How My Yarmulke Helps Me Connect to Others
Recently, I visited Israel as part of an intergenerational group of American Reform leaders, thanks to the hard work and generosity of the Association of Reform Zionists of America (ARZA) and several partner organizations, including ARZENU, the WZO, and KKL.
One day, we stopped at Sarona Market in Tel Aviv for a quick lunch. I found a vegetarian pasta stand and perused the menu. The person at the cash register, I presume because he noticed my kippah (yarmulke), kindly let me know the restaurant did not have a kashrut certificate (indicating the restaurant adheres to Jewish dietary laws). “I understand,” I said. “I’ll take the cheese ravioli with beets.” He smiled and handed me a receipt to bring to the chef who would start my order.
As I walked to hand the chef my receipt, he abruptly stopped me and said, “We’re not kosher.”
“I understand,” I told him. “I’m a Reform rabbinical student. I eat vegetarian food without a hechsher (rabbinical certification indicating food items conform to Jewish dietary laws).”
He just stared.
“Is that a problem?” I asked.
“A problem for whom?”
“Ummm...I don’t know. Anyone?”
“For Jews, yeah it’s a problem,” said the chef.
“Well, I’m Jewish and it’s not a problem for me.”
“You’re Reform. It’s not the same.”
He grabbed the receipt and turned away to begin to prepare my pasta.
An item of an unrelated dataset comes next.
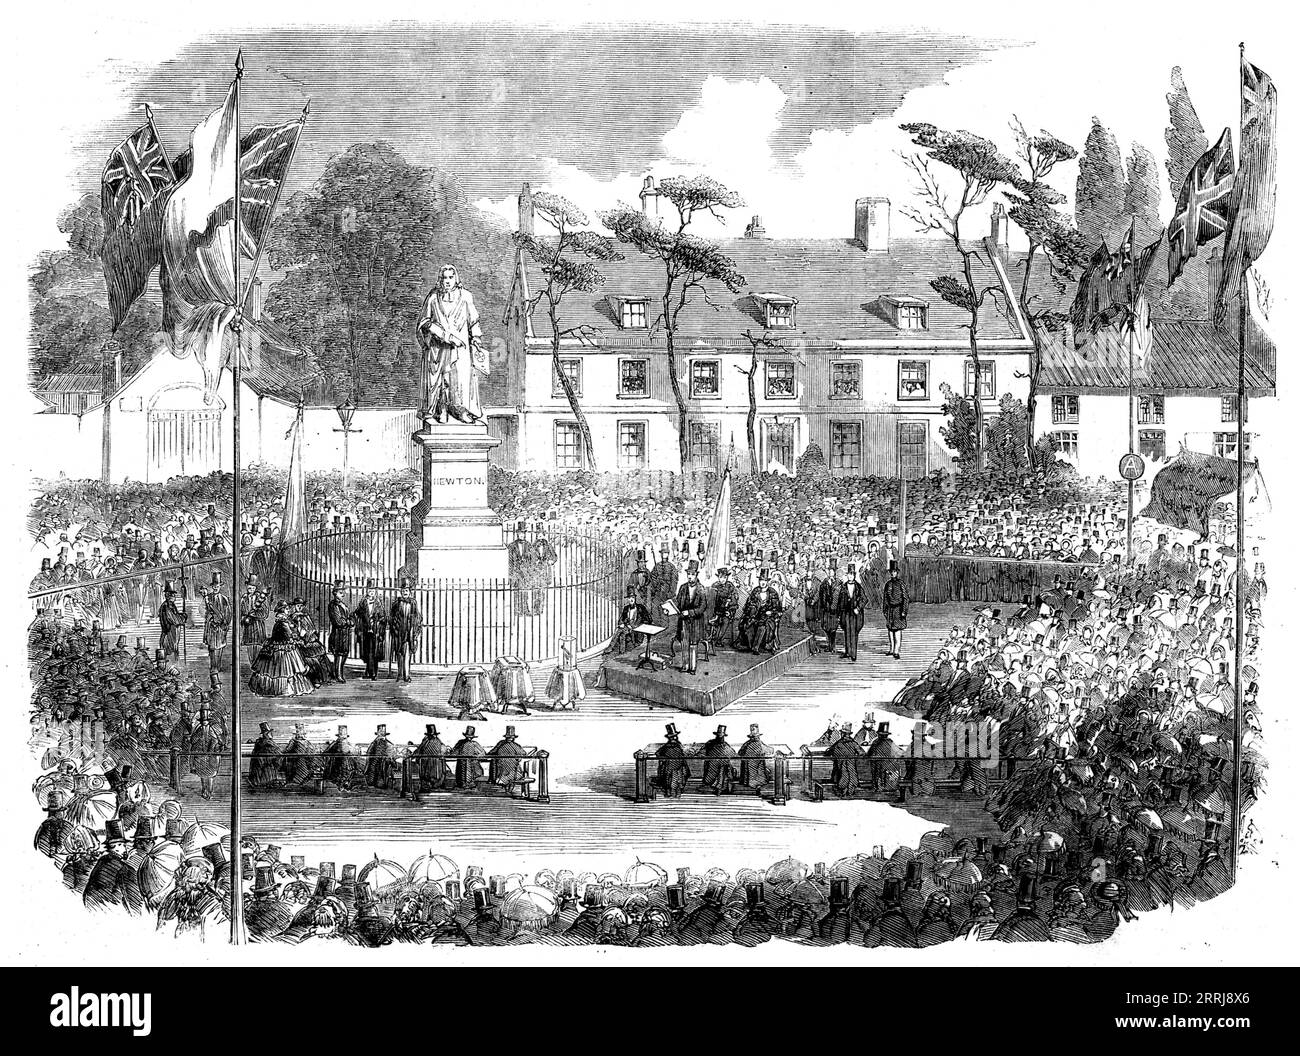 Inauguration of the Statue of Sir Isaac Newton at Grantham, 1858. 'The statue of the great mathematician and astronomer, from the hand of W. Theed, Esq...[was erected] at Grantham, Lincolnshire, near which town Newton was born, and in which he received the rudiments of his education...[It] was inaugurated...with great ceremony, and in the midst of a vast concourse of persons, including many men of science from all parts of the country...the covering, which till now hid the statue from view, was withdrawn, and a chorus of cheers burst from the assemblage. The noble statue stood out in the brigh Stock Photo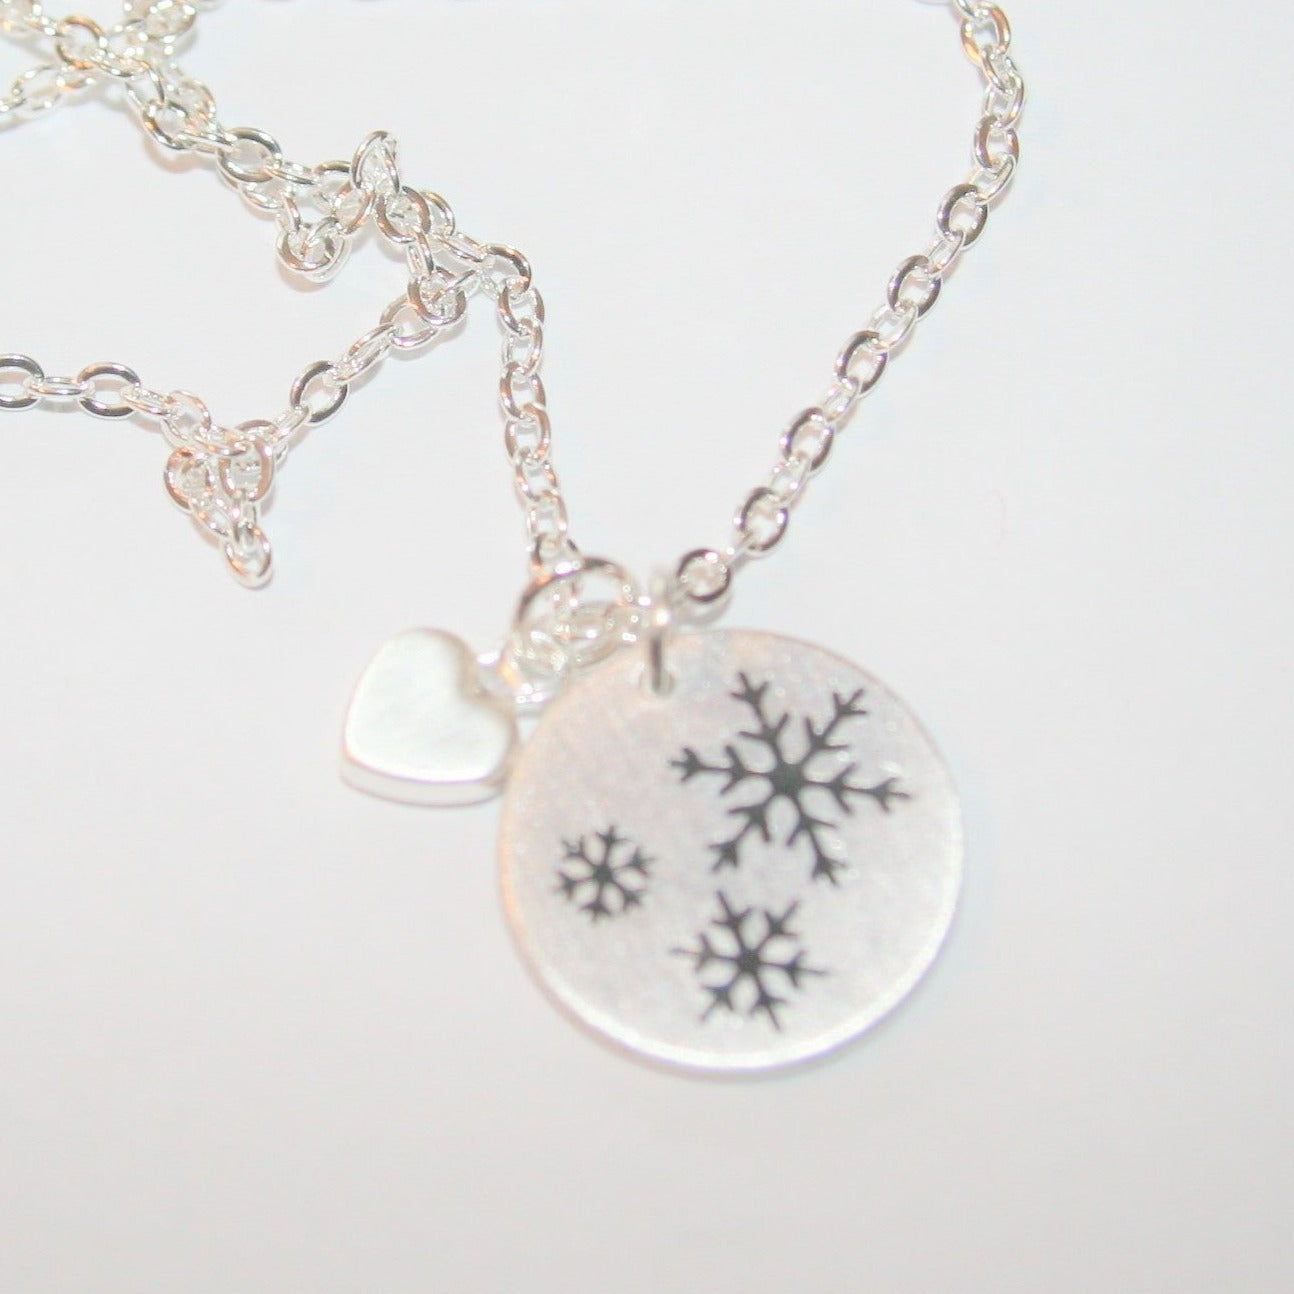 Etched Snowflake Pendant - SNL416 - pack of 5

The person at the cash register saw this exchange, looked at my face and quietly said, “You have to understand. It’s different here.” He told me that there is a lot of animosity between religious people and secular people. He told me that he was queer and a drag performer. He asked me if I had heard of Shira Banki, the teenager murdered by an Ultra-Orthodox Jewish man at the Jerusalem Pride Parade in 2015. He told me the divide is just too strong.
I told him I was queer, too. I told him that I think about these issues all the time – every time I wear my kippah and hold hands with my husband as we walk down the street. I told him that it’s important for me to show the world that my religion and my sexuality are compatible, that there’s more than one way to practice Judaism.
“I heard once that there’s even gender fluidity in Jewish texts,” he said to me. “Is that true?”
We had a conversation about the midrash in which God created the first human as an “androgynous,” a person with both male and female sex characteristics. He told me to let him know if my seminary, Hebrew Union College-Jewish Institute of Religion, ever needed a lecturer on drag culture. I got my ravioli and said goodbye.
Since I began to wear a kippah, I’ve been conscious to take it off when I eat in a non-kosher restaurant, so as not to accidentally mislead someone into thinking that the restaurant is certified kosher. Although I fully understand the reasoning behind my action, my heart pulls every time I do it. I wish I could say I felt fully comfortable reclaiming my kippah and the spiritual significance it brings me. I wish I could say it didn’t matter to me how I am perceived by others when I wear it. I wish I could feel comfortable knowing that my Shabbat practice, my kashrut practice, and my kippah wearing practice are my own to determine. But, at this point in my life, I’m not quite there.
At the same time, if I hadn’t been wearing a kippah at Sarona Market, the cashier and I would never have had our incredible conversation. He might never have met a queer Reform rabbinical student nor considered how all of those identities might be able to flow together. For the secular drag queen cashier in Tel Aviv with a slight curiosity about midrash, I’ll keep this kippah on my head for now.